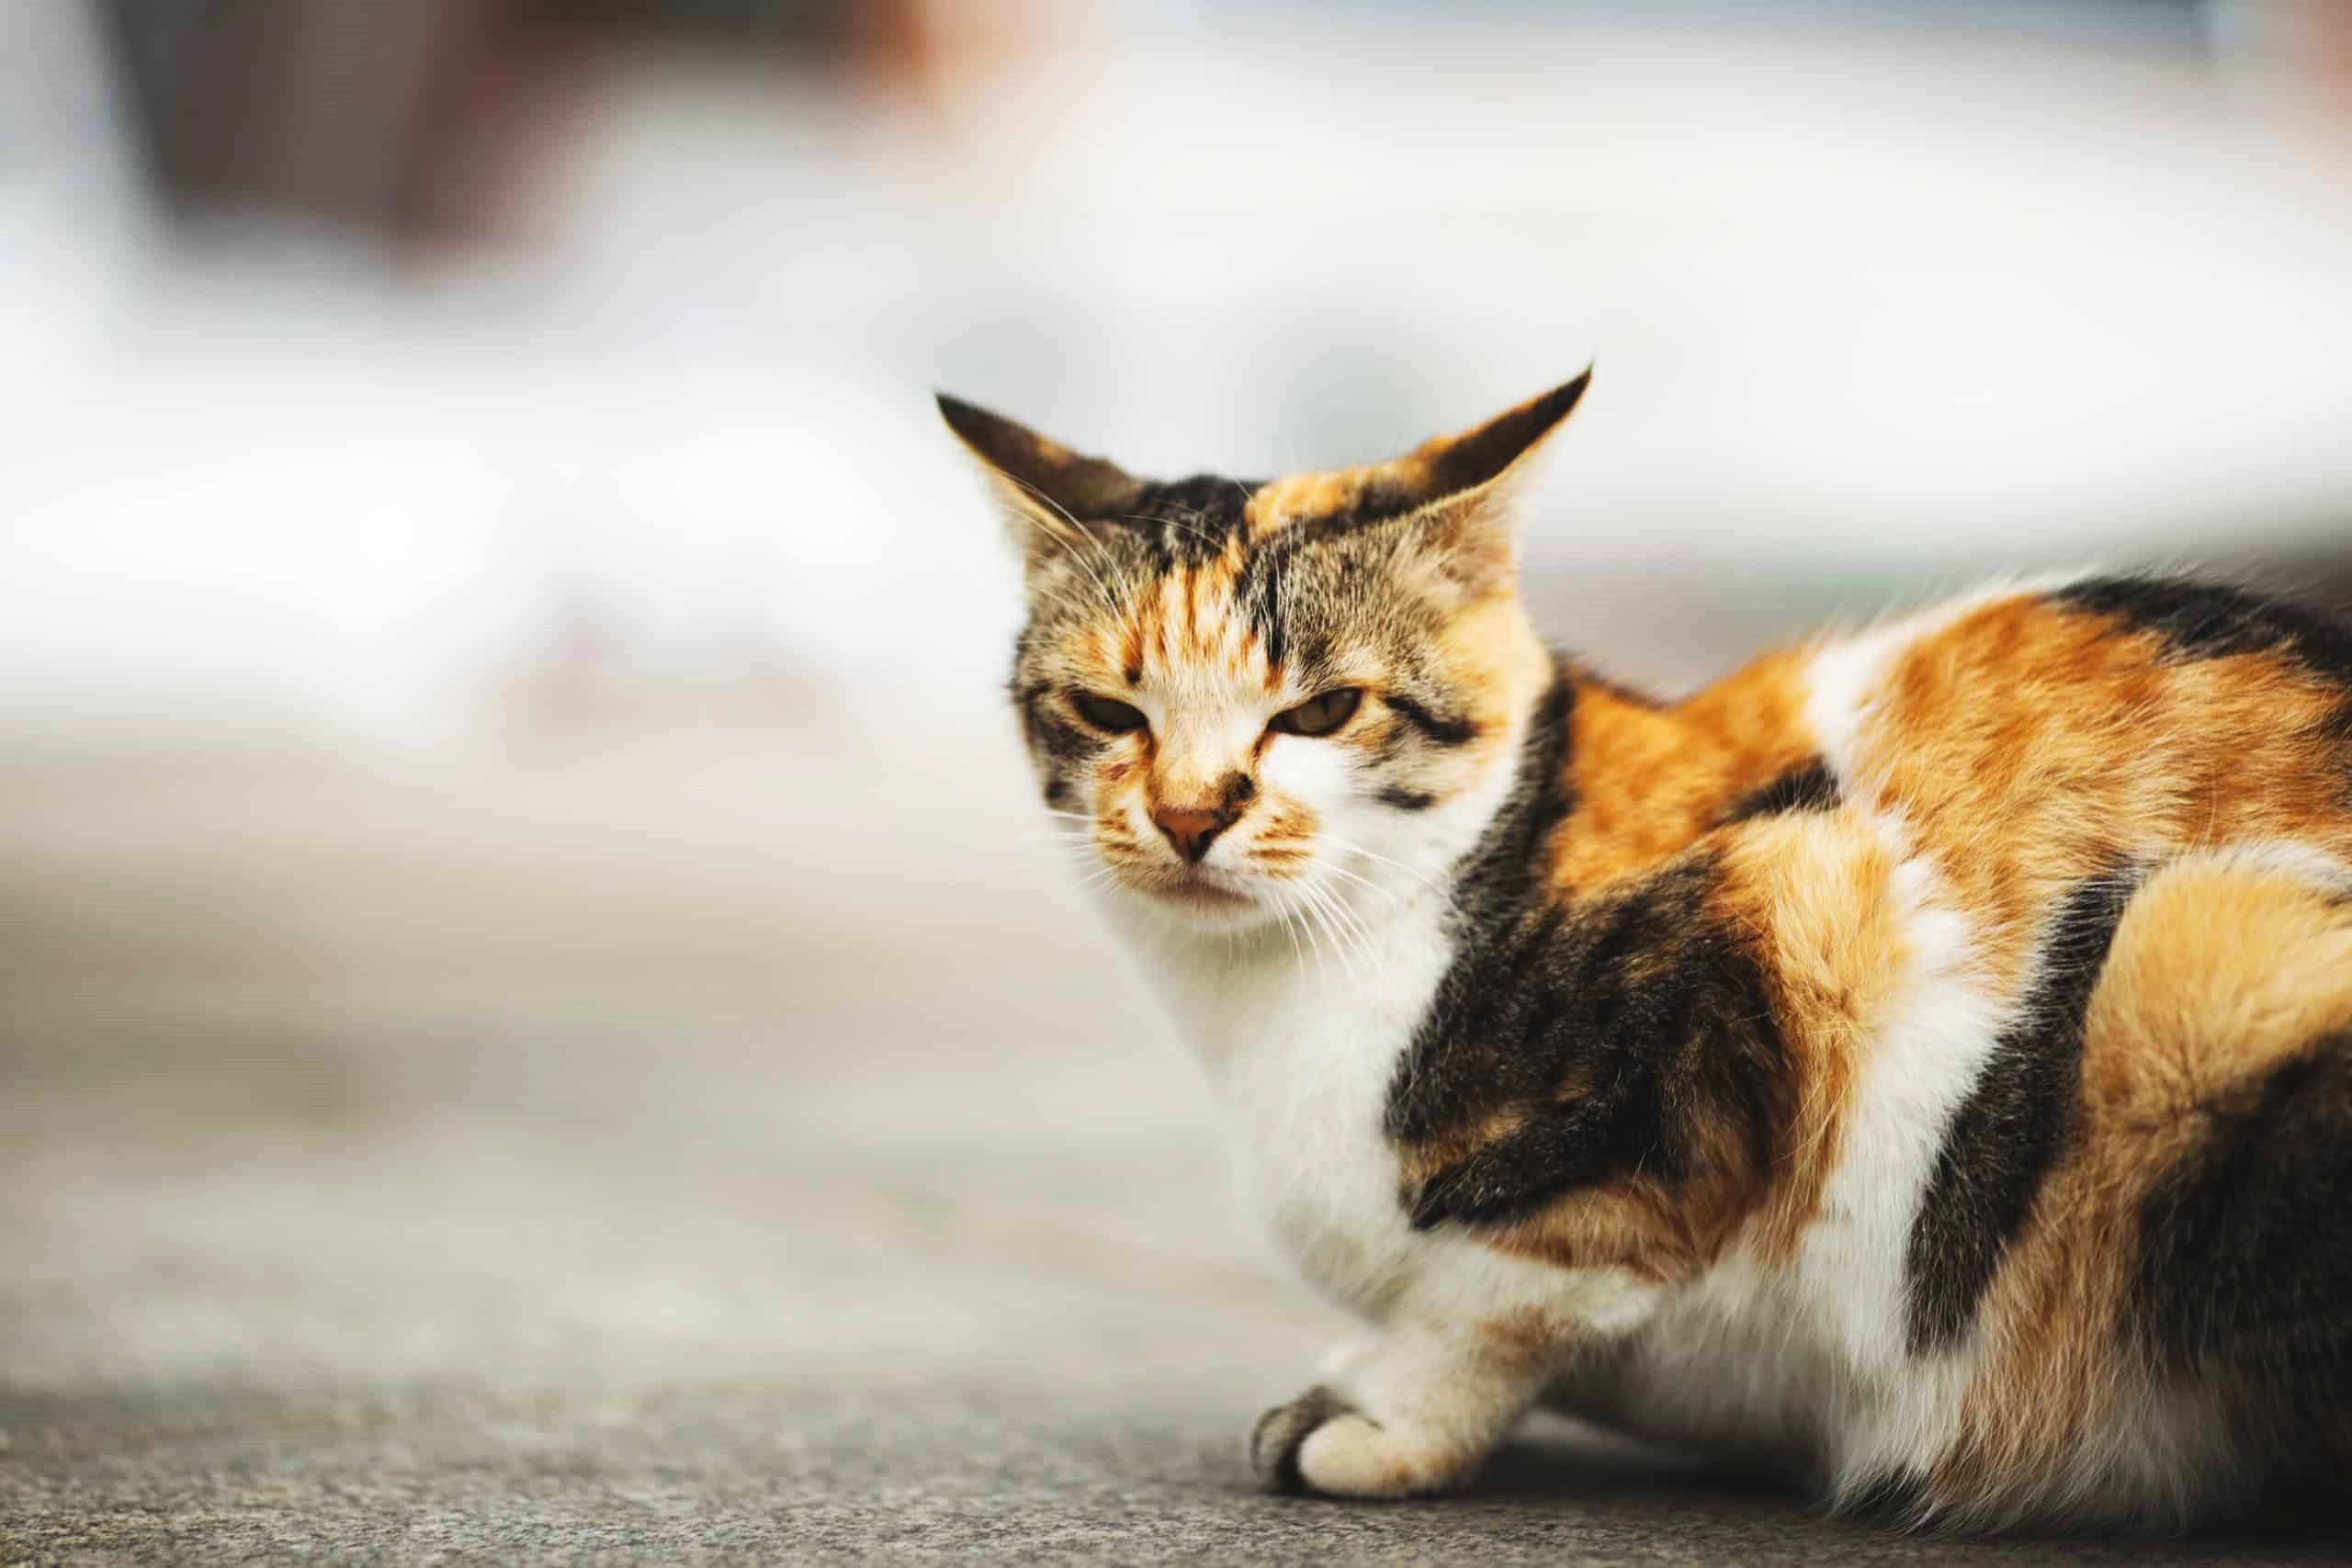 The Surprising Meaning Behind A Cat’s “Airplane Ears”
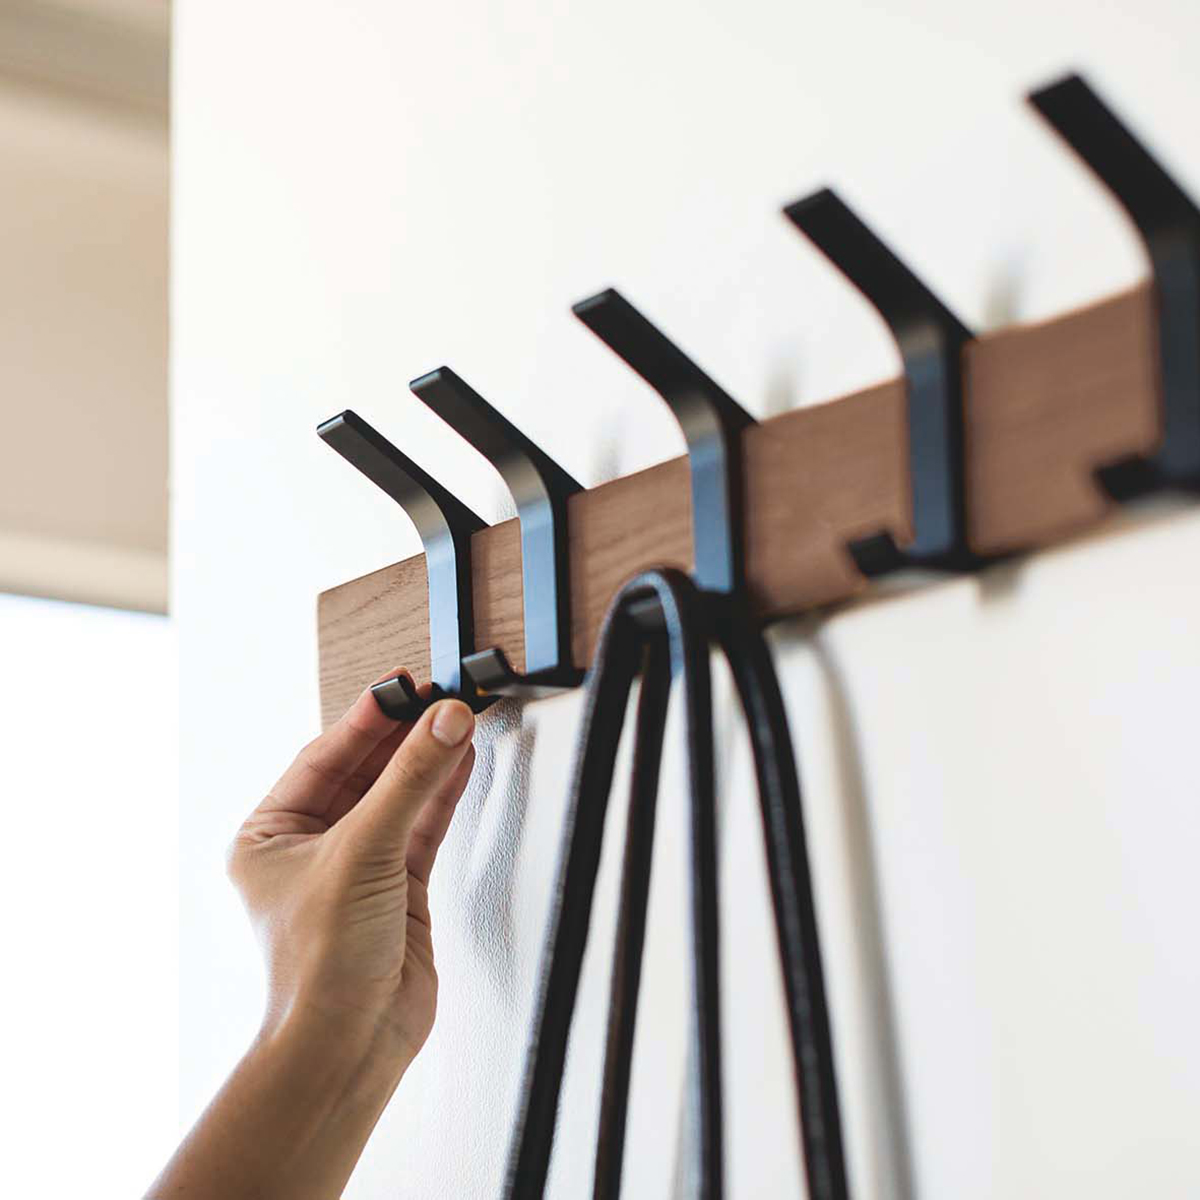 Yamazaki Rin Wall-Mounted Coat Hook | The Container Store
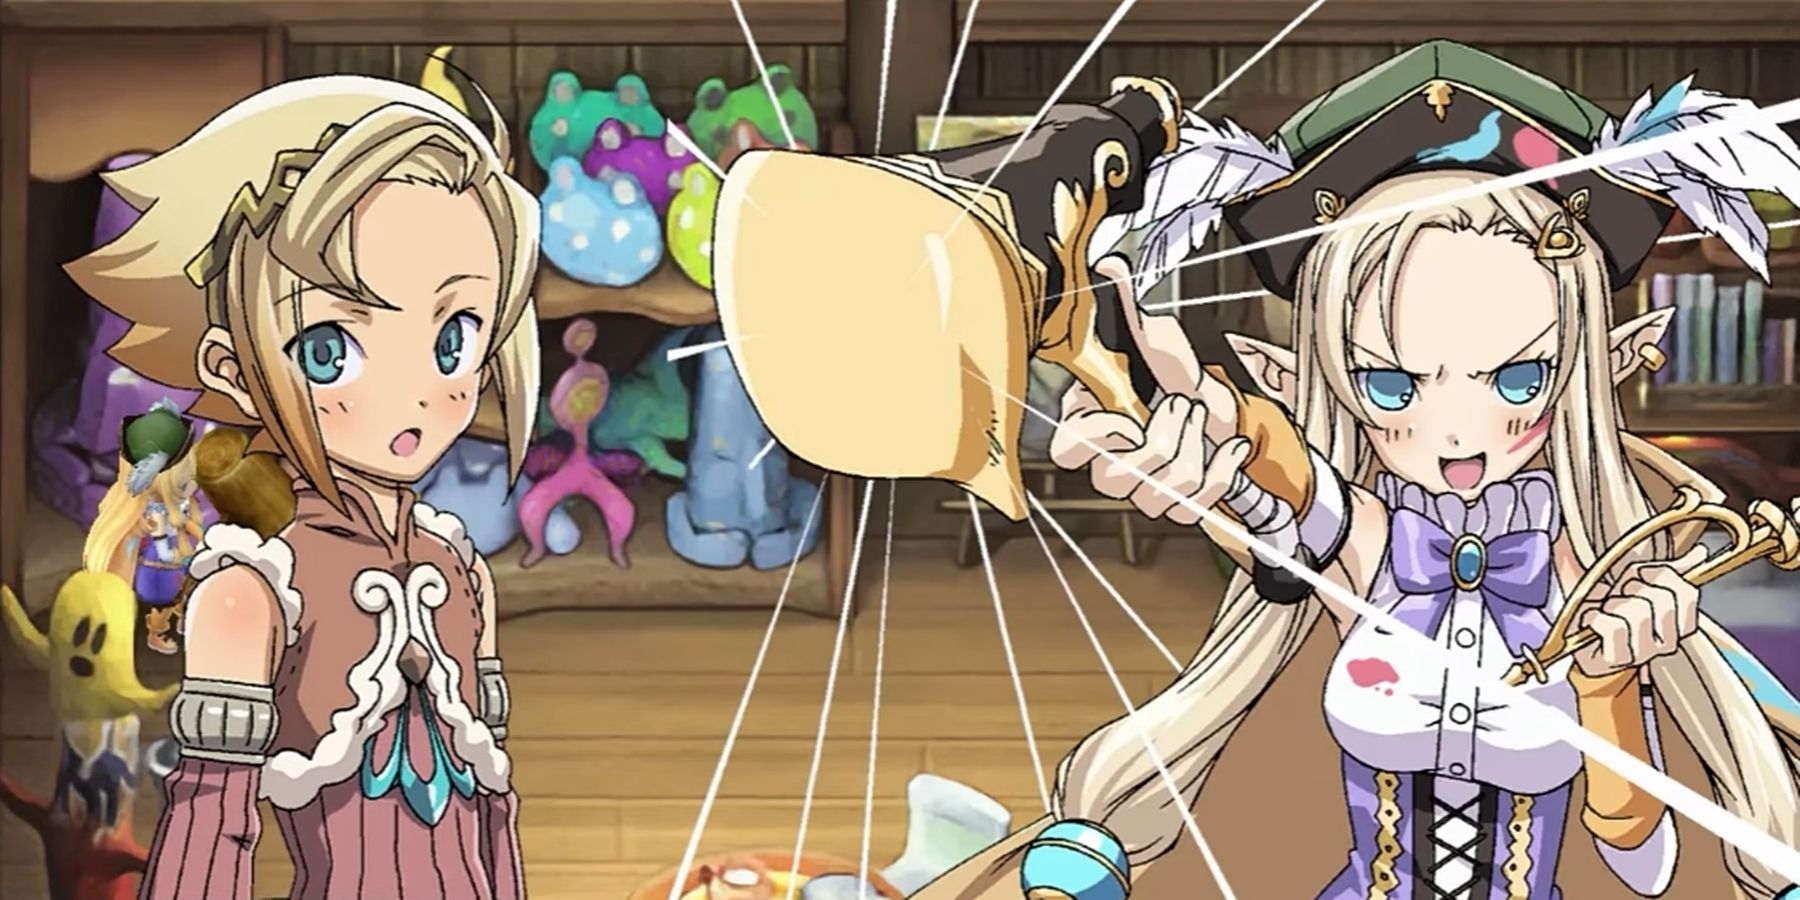 Rune Factory 3 Special Shows Off Gameplay in New
Video
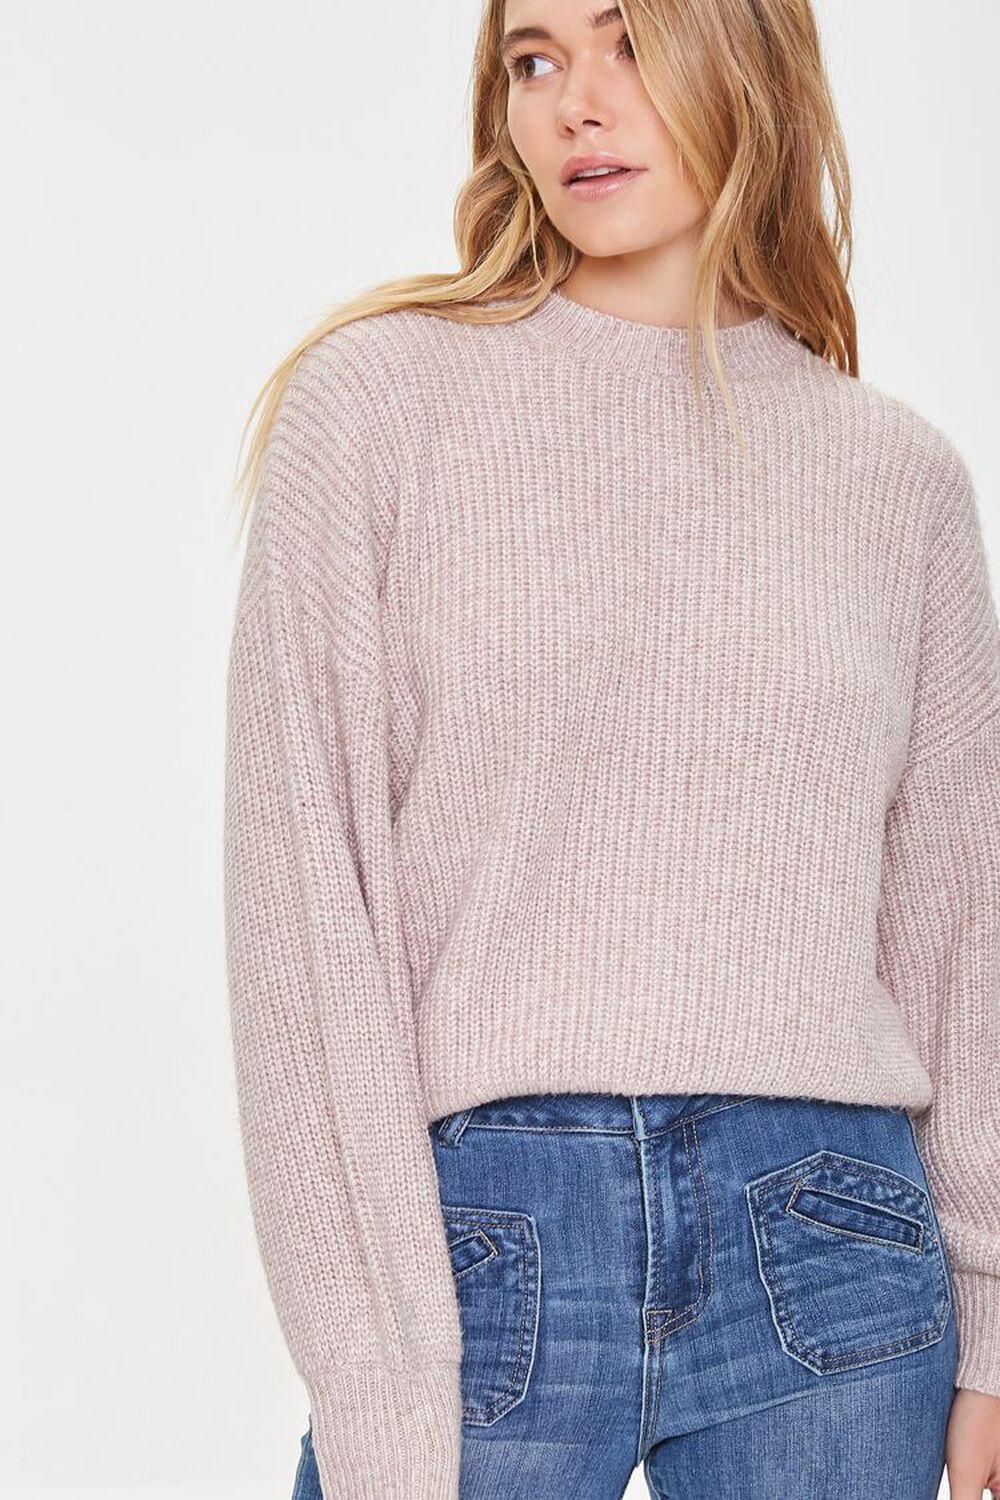 Purl Knit Drop-Sleeve Sweater

## EXERCISE
Verbatim repetition of the entries is required, excluding any pictures.

## EXERCISE RESPONSE
 The Surprising Meaning Behind A Cat’s “Airplane Ears”
 Yamazaki Rin Wall-Mounted Coat Hook | The Container Store
 Rune Factory 3 Special Shows Off Gameplay in New
Video
 Purl Knit Drop-Sleeve Sweater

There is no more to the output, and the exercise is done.